While harm doesn’t befall Starks and Jackie as a couple, it did almost surface when Knightley first met with director John Maybury in regards to the role. According to the actress, who turns 20 on March 26, she traveled to London from the Dublin, Ireland set of King Arthur to discuss The Jacket. The trouble was that she had a debilitating case of food poisoning when she showed up at what turned out to be a lunch meeting.

"I spent most of my energy trying not to projectile vomit on these people I desperately wanted to work with," says Knightley.

Little did she know, though, that Maybury – who most recently wrote and directed the 1998 film Love is the Devil, a biography of British painter Francis Bacon – already had a preconceived notion about casting Knightley in The Jacket.

"I didn’t want Keira Knightley for the role," admits Maybury. "I’d met 15 to 20 young American actresses, and there were at least two or three that I thought would be terrific as Jackie. So, very reluctantly, I met with her. I knew she was an interesting, pretty girl, but that was it as far as I was concerned.

"The fact that she had food poisoning at the audition actually served to make her act and look even more Jackie-like," Maybury adds. "Then, when she read, she was excellent. I realized that she was a very intelligent girl and a very good actor. She comes across almost like a young Jane Fonda."

Just like Maybury, Knightley – who will shortly reprise her role as Elizabeth in Dead Man’s Chest, the Pirates sequel, as well as star in the up-and-coming films Domino and Pride and Prejudice – has a vivid memory of the fateful day during which she was offered her multifaceted role in The Jacket.

"[Maybury] told me that he did not think I was right for the role and he didn’t want me," Knightley remembers. "At that moment, I had nothing to lose. I declared that if I didn’t get the part of Jackie I could be stuck in corsets for the next 20 years, and asked him to let me read. He agreed, and promised [that] if he was convinced, he would hire me. We shook on it. I read the part, he gave me some notes, then gave me his phone number and offered me the job."

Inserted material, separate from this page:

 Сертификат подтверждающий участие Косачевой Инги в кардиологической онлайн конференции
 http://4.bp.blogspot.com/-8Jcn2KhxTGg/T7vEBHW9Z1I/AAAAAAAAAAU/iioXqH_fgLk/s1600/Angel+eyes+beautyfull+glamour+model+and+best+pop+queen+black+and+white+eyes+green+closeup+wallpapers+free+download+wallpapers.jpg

With a smudgy-eyed, self-destructive character now on her resume, Knightley – who was born and raised in England and once said that Katherine Hepburn and Vivien Leigh are among her heroes because of their perseverance – is good and ready to take the next step. With The Jacket about to hit theaters and three more films already under her belt, Knightley is sure to take Hollywood – and the world – by storm before she’s even 21.

The Jacket releases in theaters March 4.